Ebola has been winning this from the start. Since the outbreak began in March, the grim reality of the virus’s march through West Africa and beyond has been laid out in a growing string of data points, the graph showing the number of cases swooping upward in that telltale pattern of exponential growth. The outbreak broke 10,000 cases right around the time the World Health Organization warned of a future with 10,000 cases a week. This isn’t just a fight; this is a war. Which is why, if we are going to beat Ebola, we are going to need an army.
But not the 4,000 troops President Obama recently made available to be sent to countries ravaged by the epidemic. To outsmart the virus, we must raise an army to fight Ebola where it counts the most: inside the body.
Treatment saves those already infected, but vaccines stop the spread of the virus. Treat Ebola and you may save the patient, but not before the virus has ample opportunity to jump to a caretaker or neighbor or someone else. The only way to end the war is to stop infections from happening in the first place.
There are at least two promising vaccines in the pipeline. These vaccines will need to train the elegant and maddeningly complicated defense systems of the human body to find and destroy Ebola virons before they can get a hold inside the body.
Your body, in all of its warm, wet, and dark wonder, makes a great home for many organisms looking to get out of the cold, bright, dry world around them. Life arose from the ocean, and we carry a reminder of that precious, ancient home inside our skin as we move about through our desiccant world on land; naturally, we’re an appealing place to try to break into.
This isn’t always terrible. We form alliances with many microorganisms — such as the beneficial gut microbes we rely on for digestion. But not all guests are so well behaved. Some of them act like squatters who occasionally deface property; others slip in and set fire to everything in their sights. And your immune system must be able to remember the faces of all the inimical intruders.
Determining friend or foe sounds deceptively simple until you consider not only the diversity of cell types and tissues in the human body, but also the multitude of bacteria, fungi, and viruses a body must successfully identify and chose whether or not to fight. Which would explain how the immune system came to be a sprawling and highly coordinated biochemical military-industrial conglomerate, second only to the nervous system in terms of complexity.
And, perhaps even more incredibly, with inoculations we learned that we could send our immune systems pages of biological cables with detailed instructions on training troops to meet the threats yet unseen. Ladies and gentlemen, meet your own private infantry.
Your defenses break down into two categories: innate and acquired. Innate immunity is the stuff you’re born with, such as skin, mucus for trapping things, stomach acid to ward off food poisoning, and a cough reflex to eject those that would enjoy the kush digs of your delicate lungs. (Your innate immunity also includes types of white blood cells that attack certain very common invaders.)

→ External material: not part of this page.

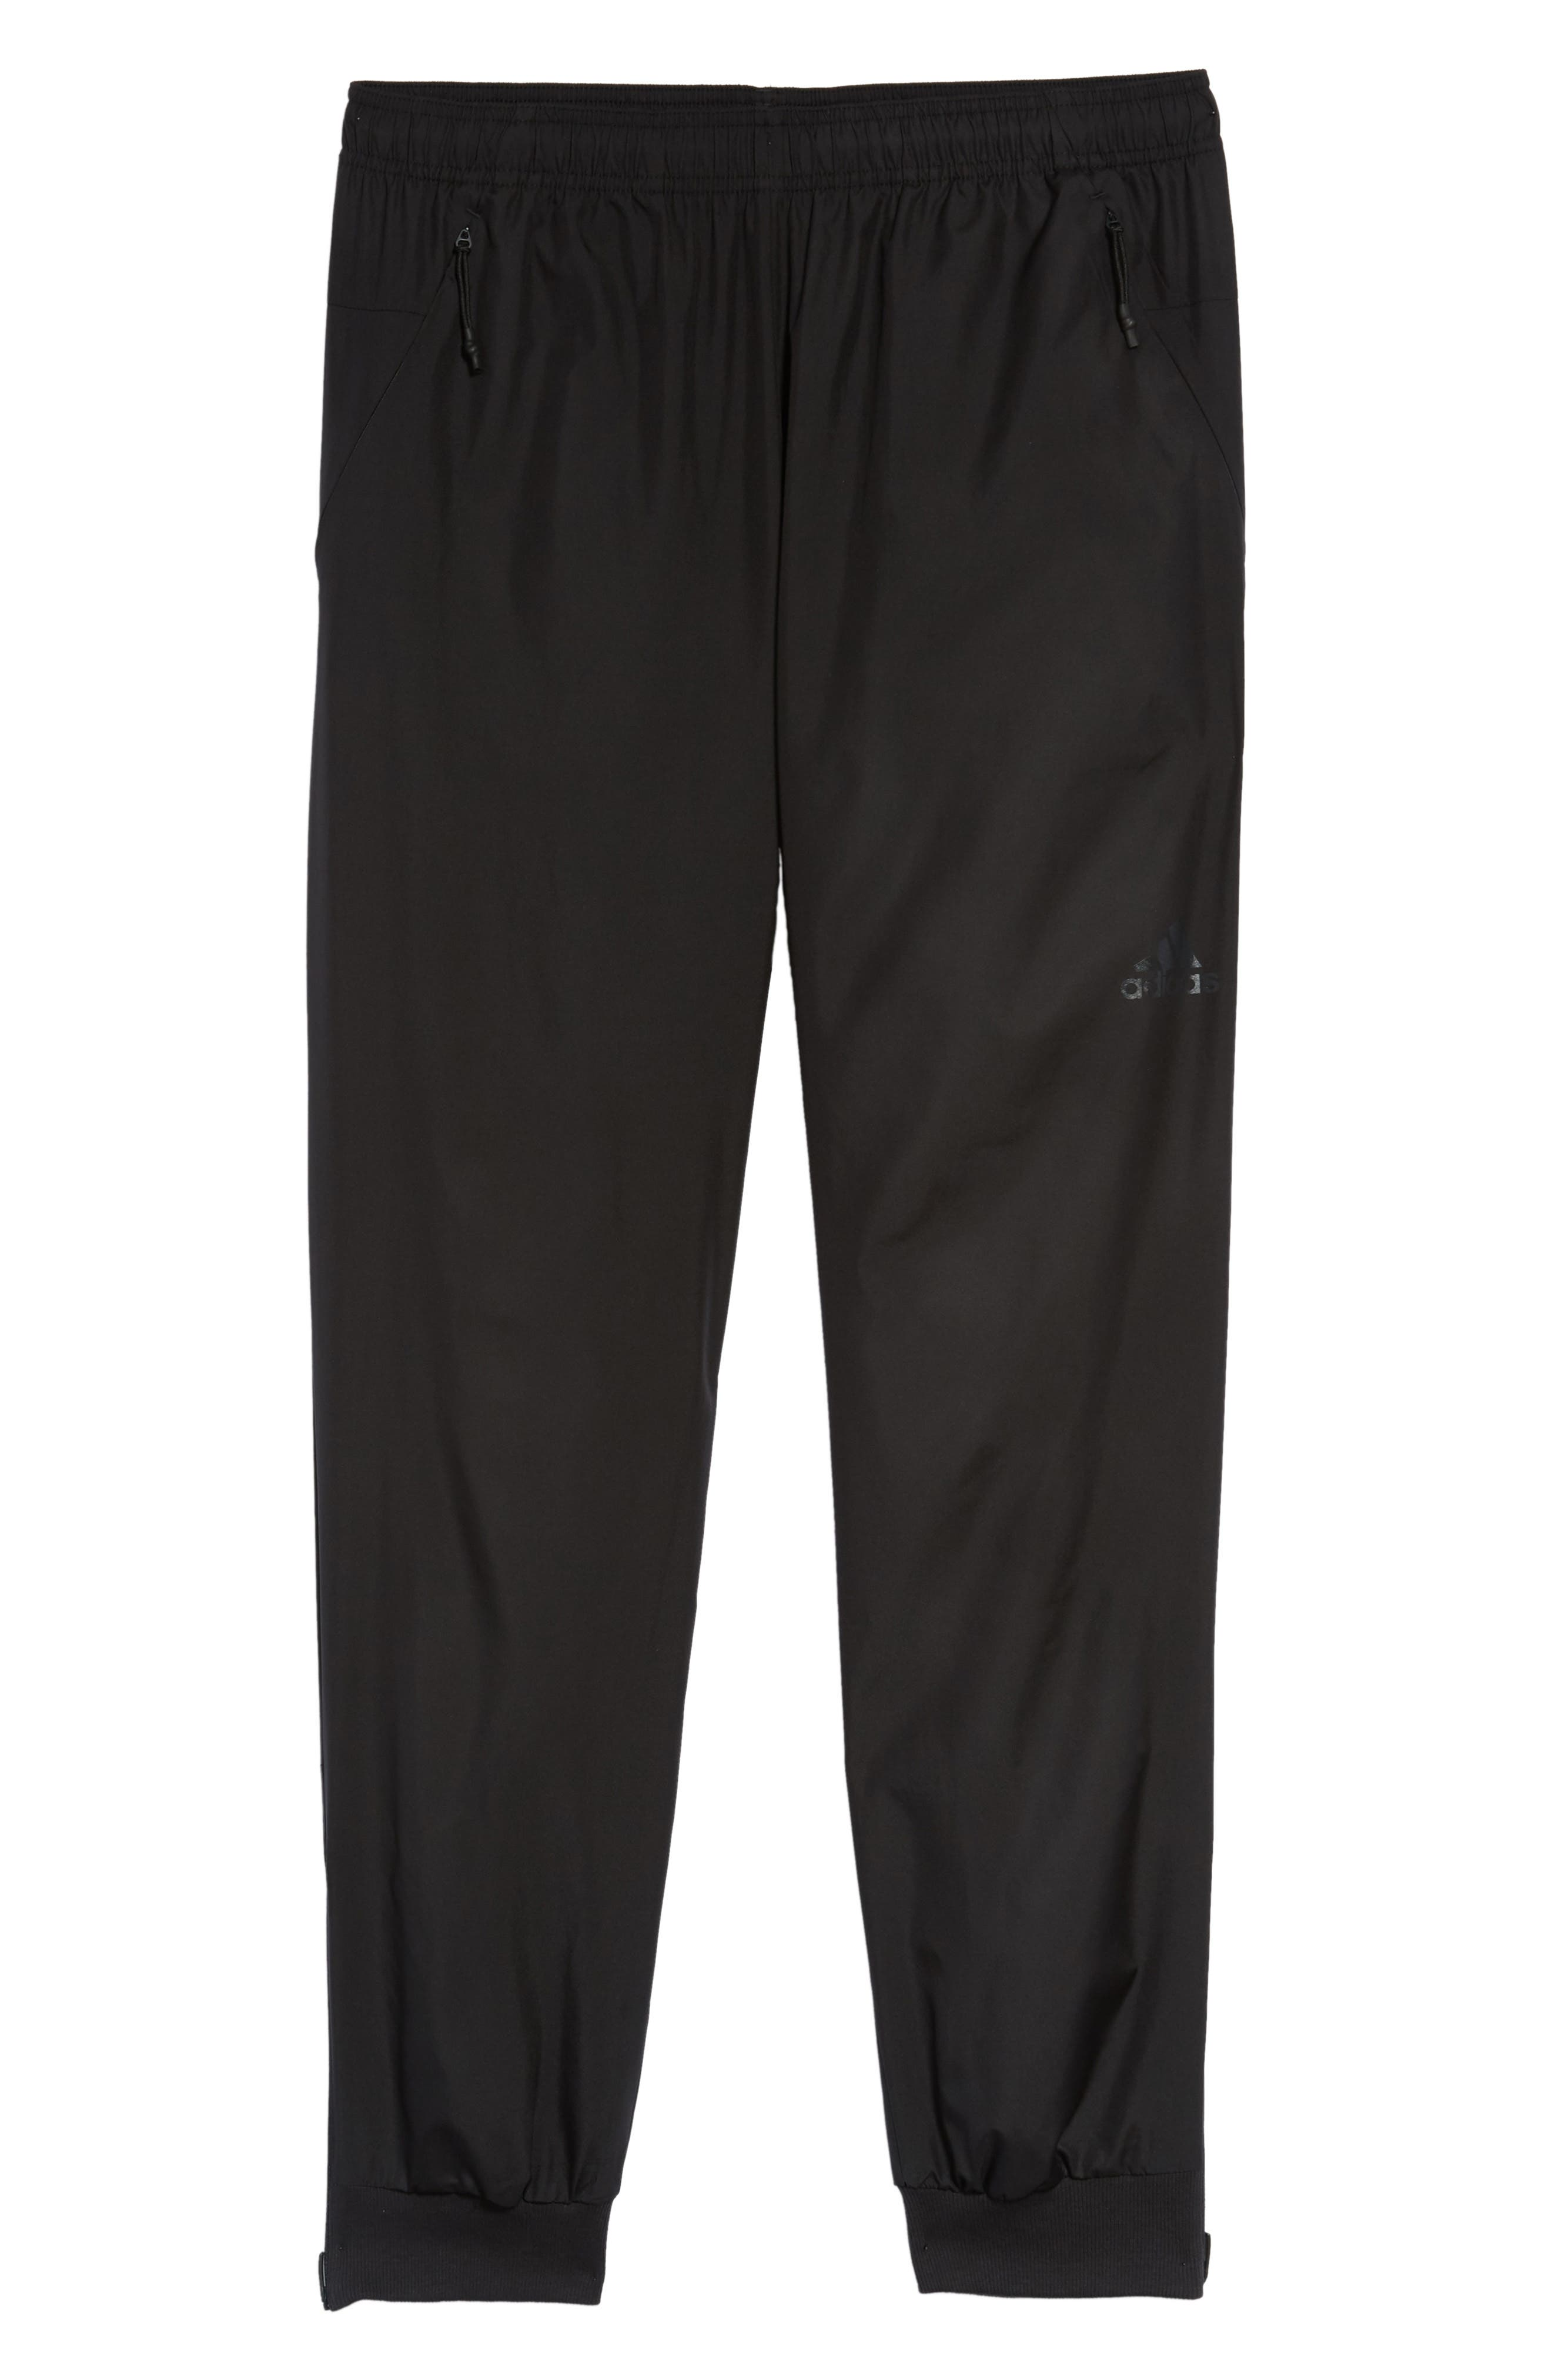 Slim Fit Sweatpants,                             Alternate thumbnail 6, color,                             BLACK
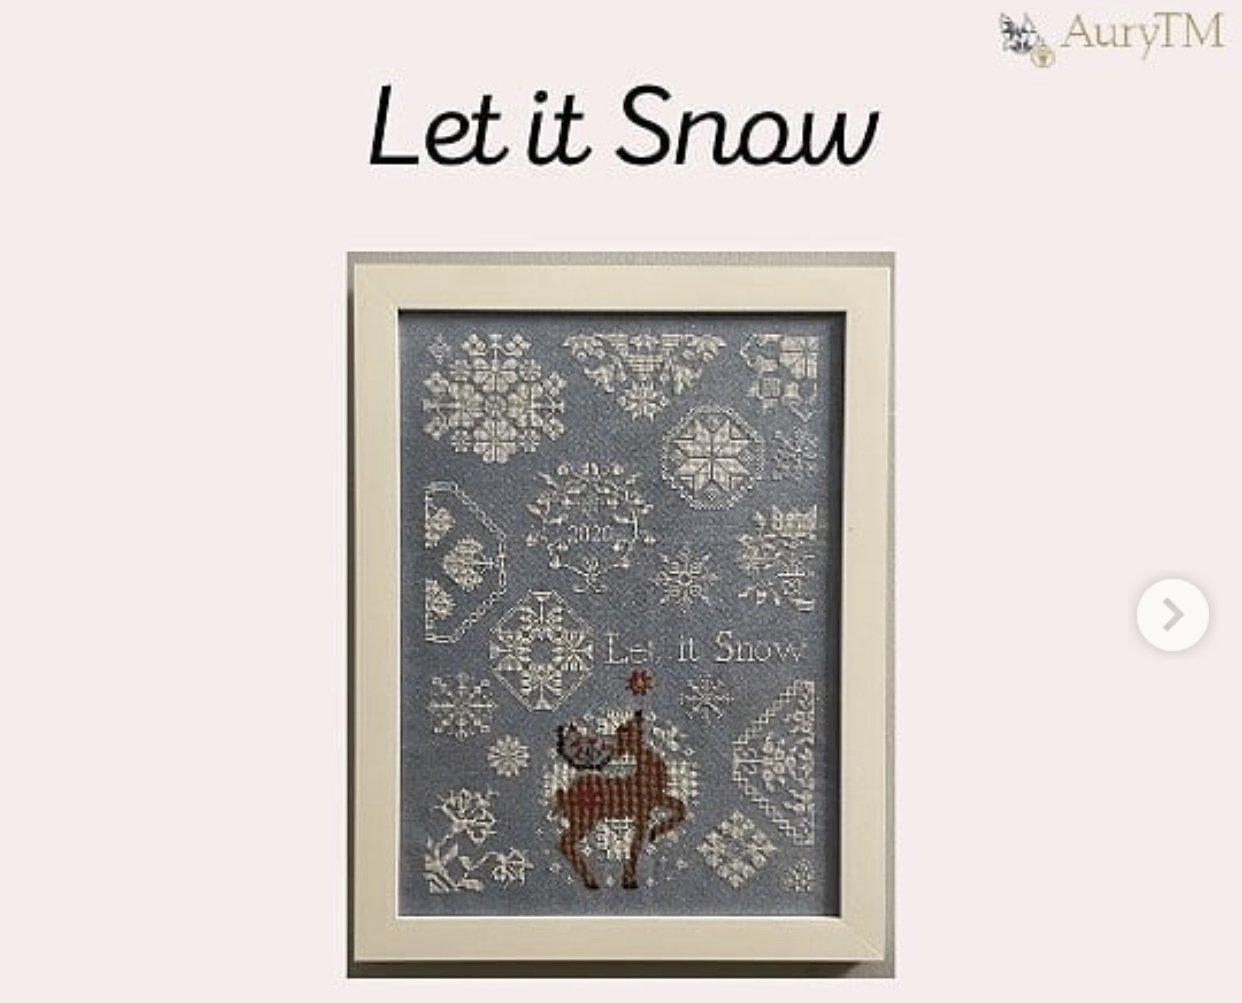 AuryTM Let It Snow

On the other hand, acquired immunity is built and trained from scratch. How does it learn? From exposure to antigens, a catchall term for anything that can provoke an immune response, be it biological or not, including things such as pieces of viruses and bacteria, toxins, drugs, even a splinter in your finger. Over the course of your lifetime, your acquired immune system will learn to recognize millions of threats and develop ways to deal with all of them.
That your acquired immune system can only fight what it has been specifically trained to recognize honestly sounds fucking insane: The cells and proteins tasked with protecting your fragile meat sack have to learn to fight each new invader. From the ground up. This is how it happens.
Say you’re chewing your nail on the bus. It’s probably fine because most of the crap under your fingernails is stuff you’ve encountered before. But maybe today, you decide to go in for some cuticle, nibbling off just enough skin to create a shallow, irritating wound on the side of your finger, laying out a welcome mat for the bacteria ever hopeful for a trip inside. The breach in your flesh-based hazmat suit sounds an alarm, calling all manner of soldiers to the location to begin the process of defense and repair, furiously working amid a cacophony of chemical signalling to destroy the foreign invaders. There’s a problem, and the immune system is on it. (One only needs to look how quickly bacteria riot through the body after death to get a sense of just how busy the immune system is, 24/7.)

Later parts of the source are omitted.